Exercise details
Would you write out each line of the material below exactly, skipping every picture?

Information provided

......

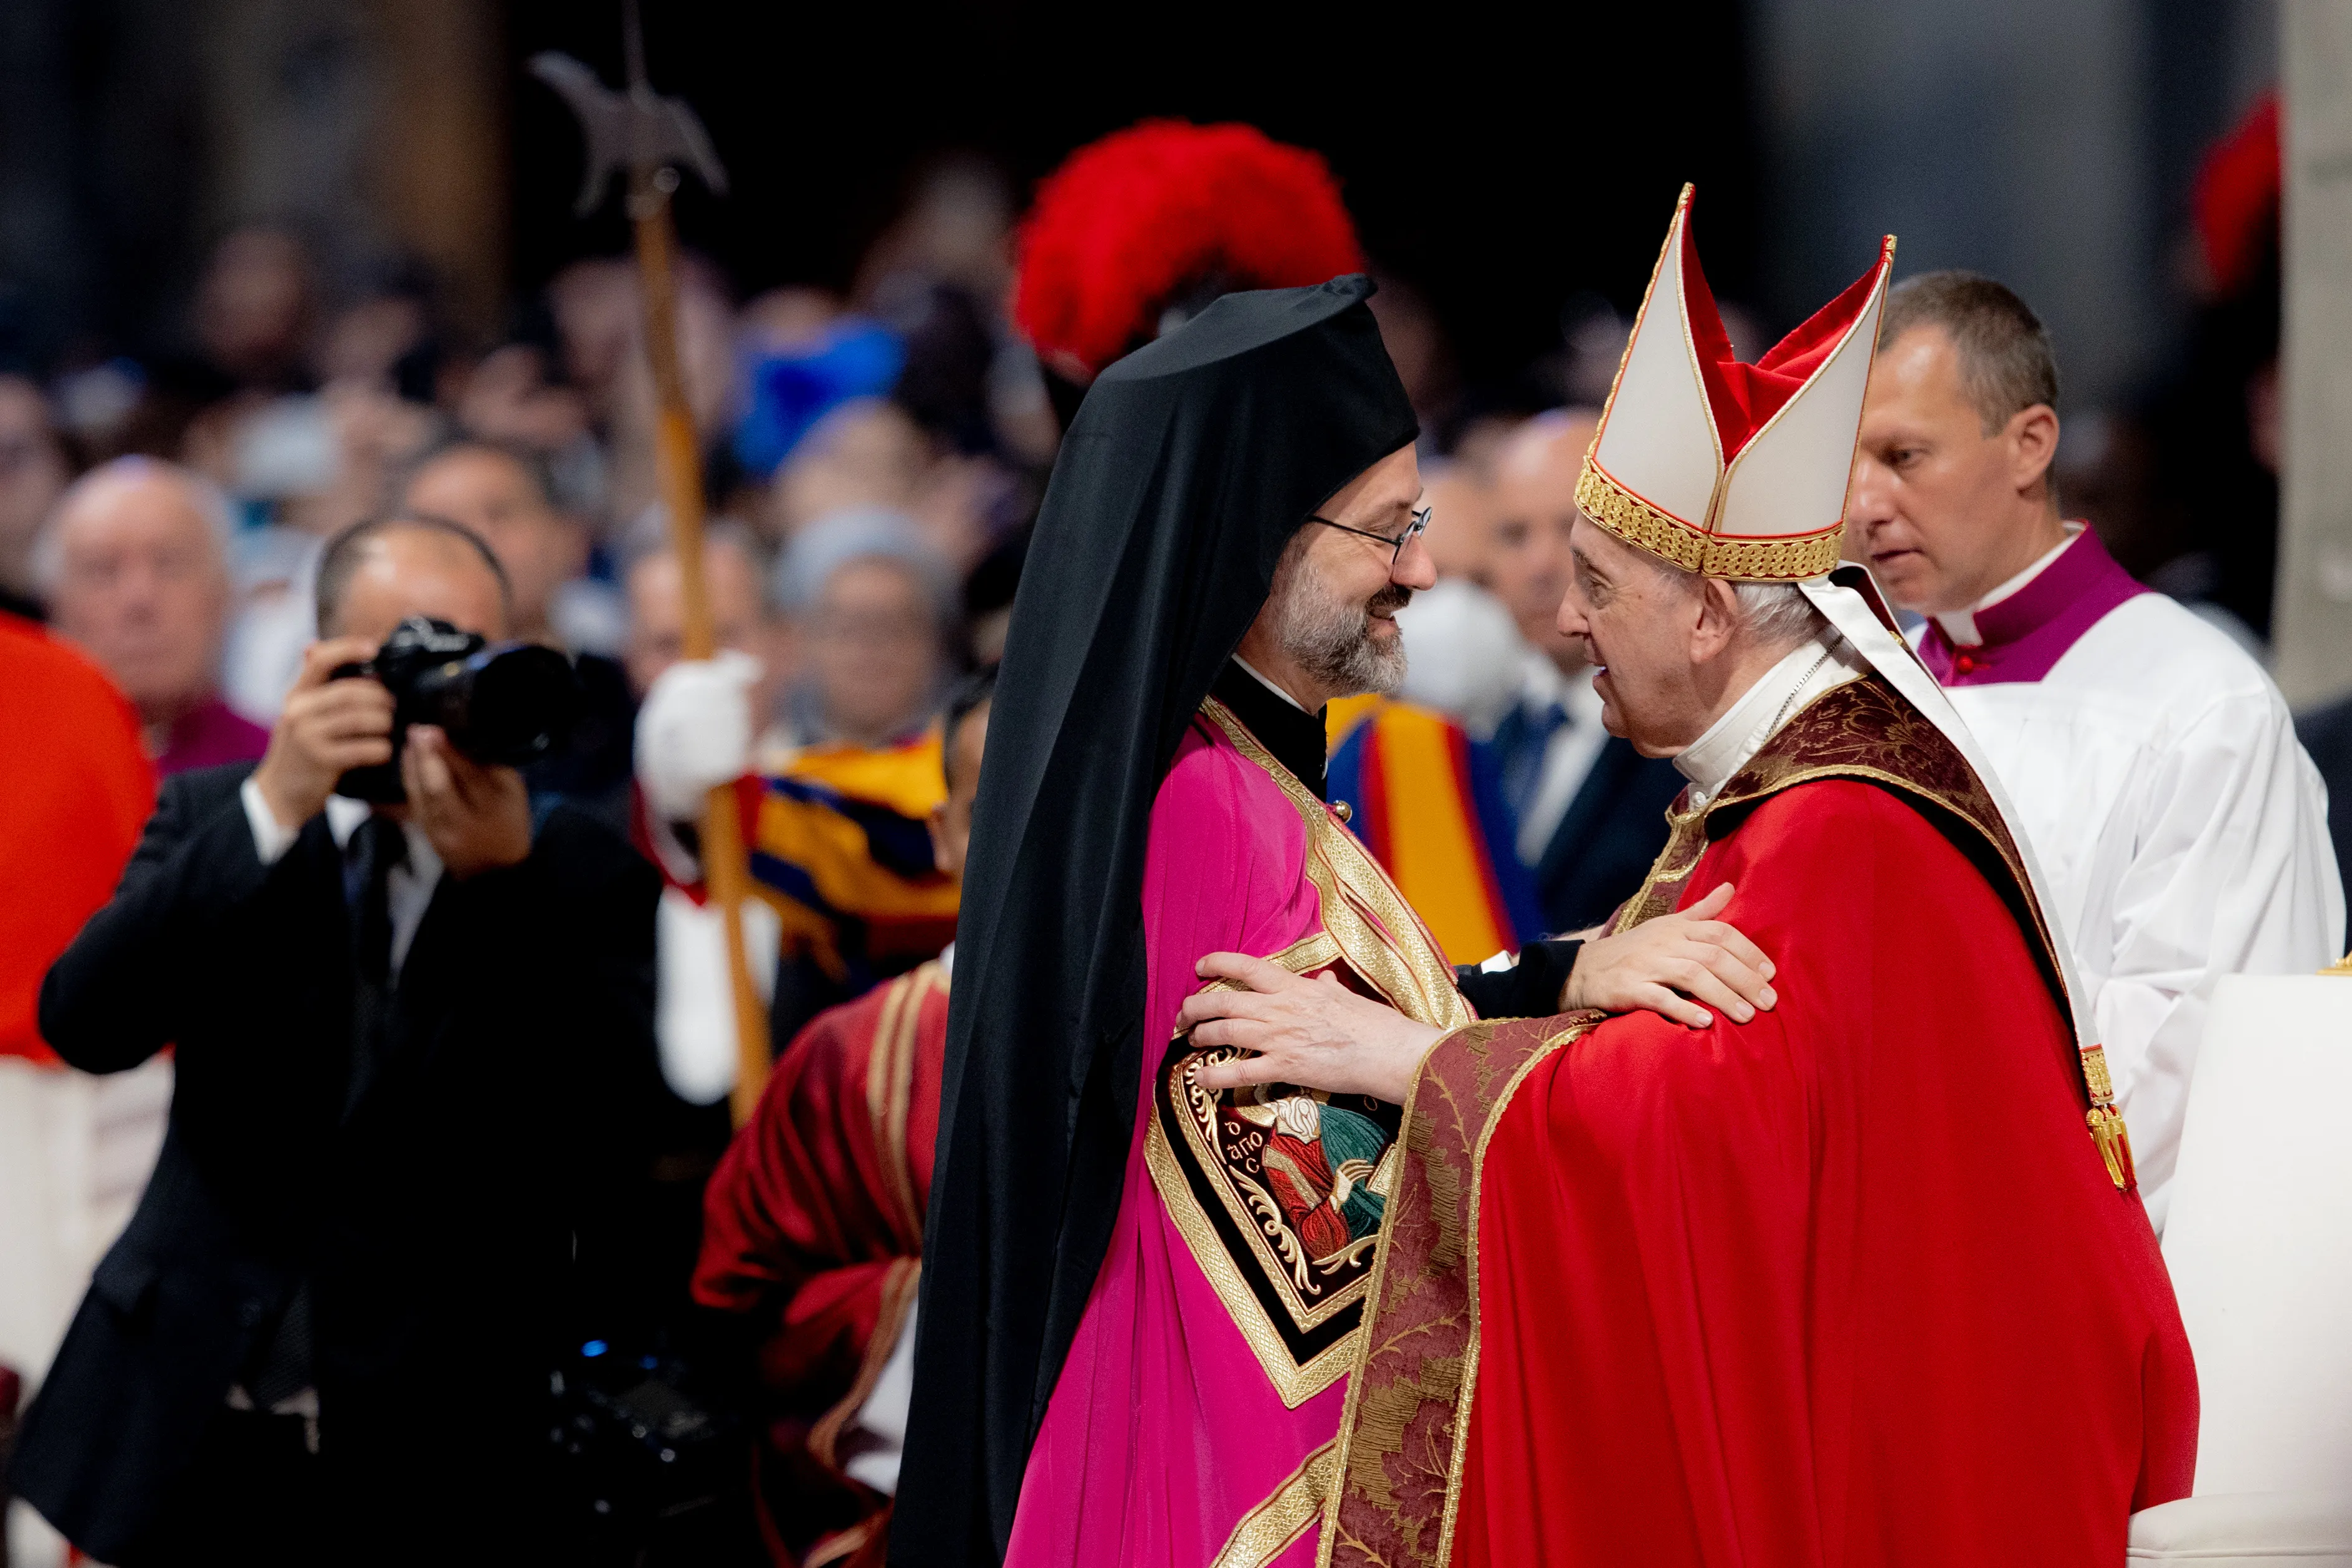 The ceremony on June 29, 2022, was attended by members of the Delegation of the Ecumenical Patriarchate of Constantinople and Pope Francis also blessed the pallia for the metropolitan archbishops appointed in the last year. Daniel Ibañez/CNA
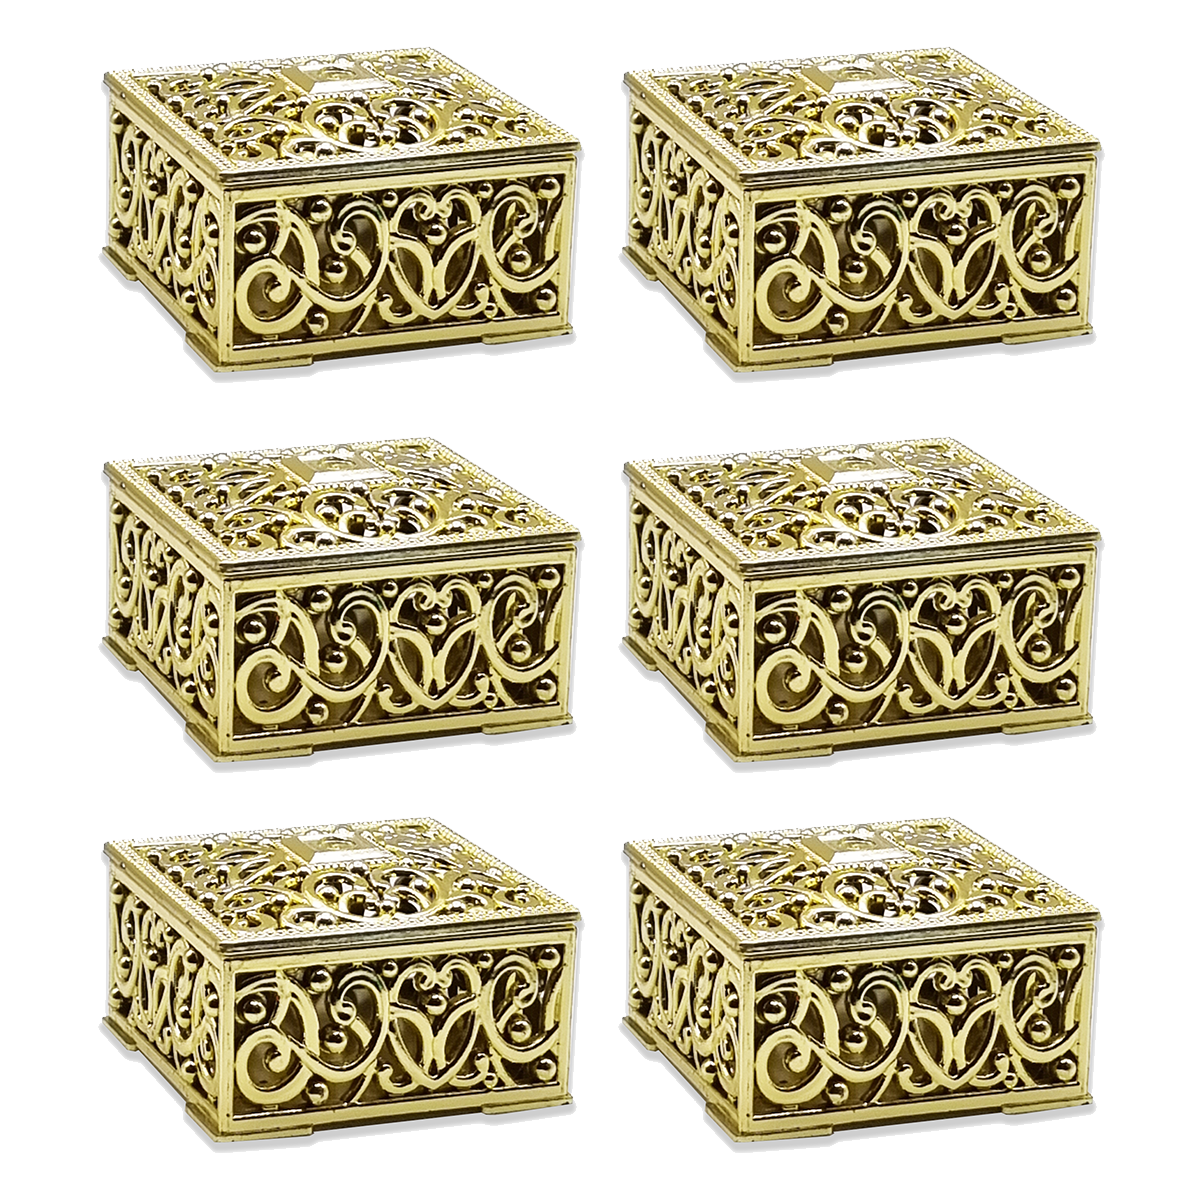 Cromoxome Square Gold Plastic Decorative Wedding Favor Box 5.5x5.5x2.6 Cms  (Pack of 6) - Willow
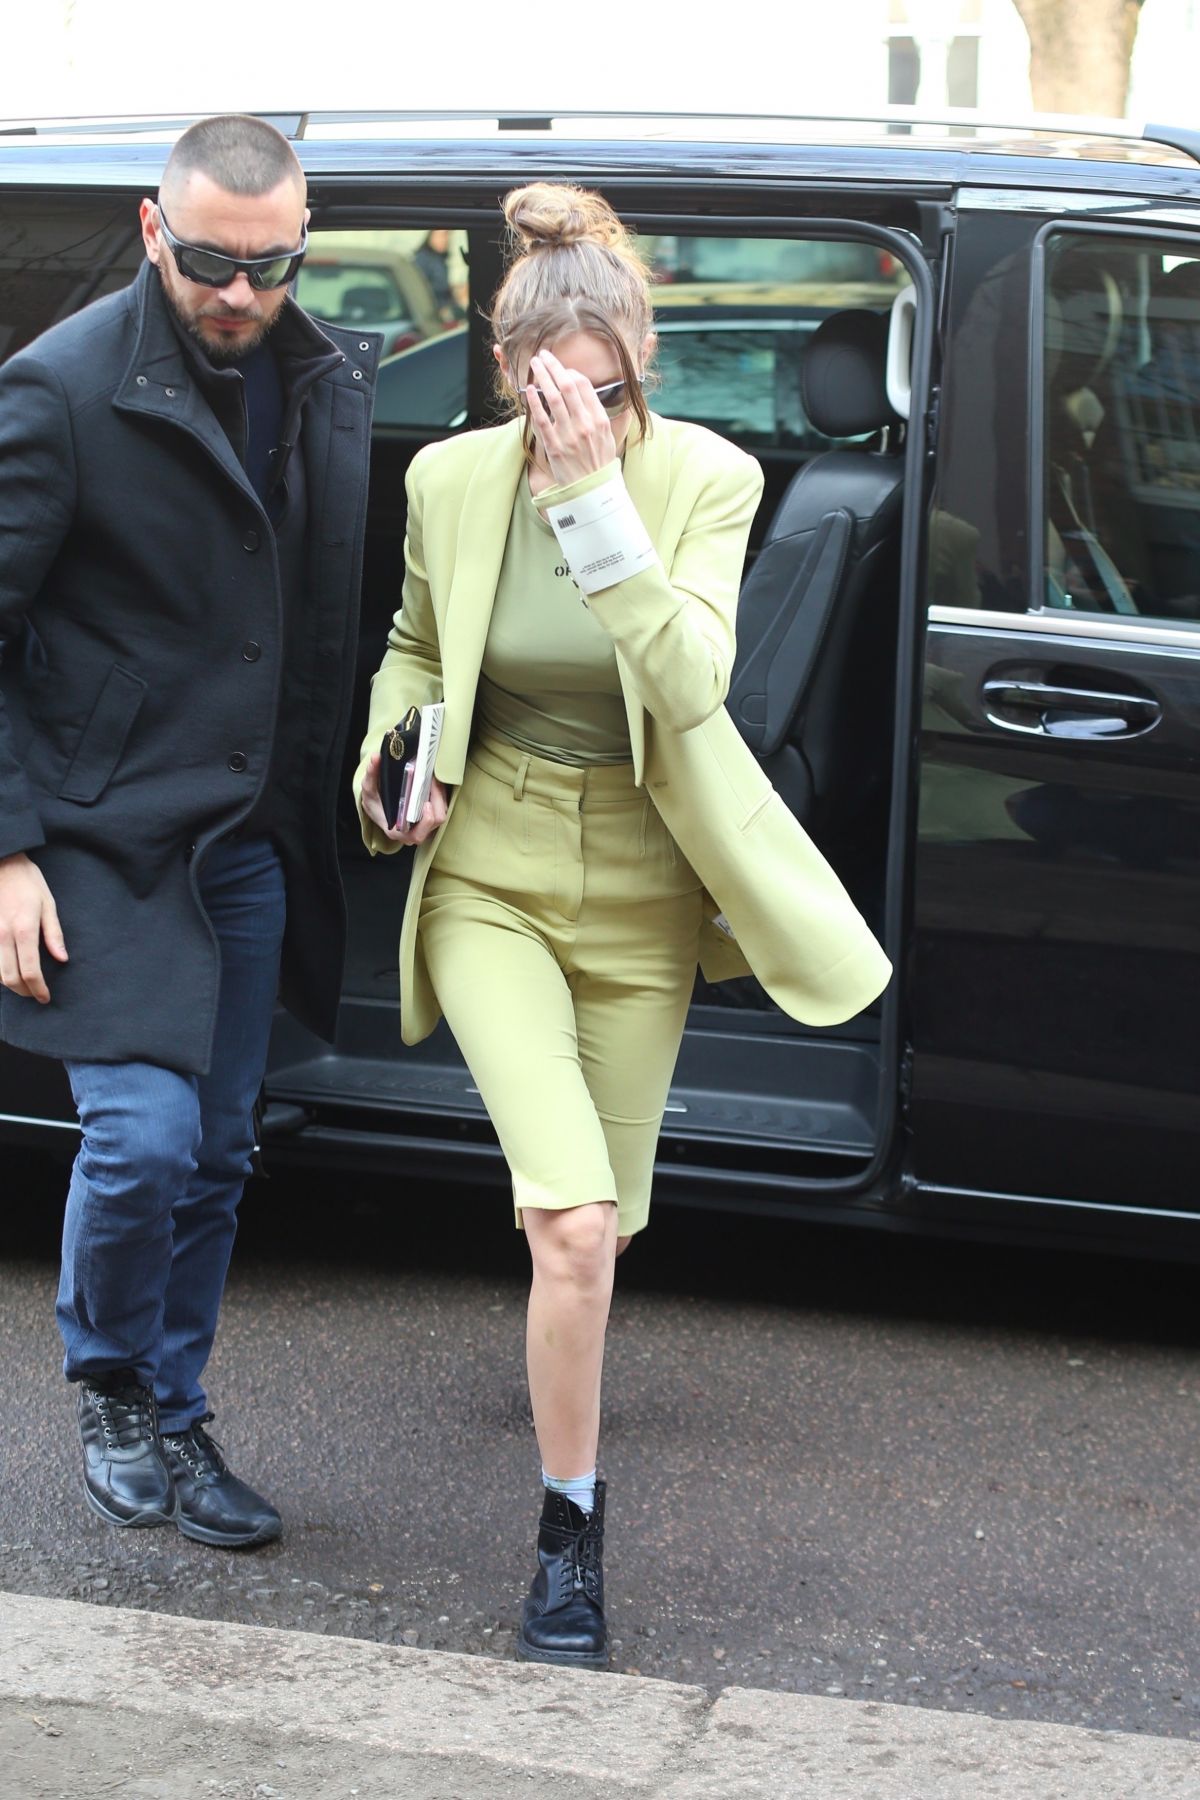 gigi-hadid-out-and-about-in-milan-02-21-2019-2.jpg

......

Answer to the exercise
 The ceremony on June 29, 2022, was attended by members of the Delegation of the Ecumenical Patriarchate of Constantinople and Pope Francis also blessed the pallia for the metropolitan archbishops appointed in the last year. Daniel Ibañez/CNA
 Cromoxome Square Gold Plastic Decorative Wedding Favor Box 5.5x5.5x2.6 Cms  (Pack of 6) - Willow
 gigi-hadid-out-and-about-in-milan-02-21-2019-2.jpg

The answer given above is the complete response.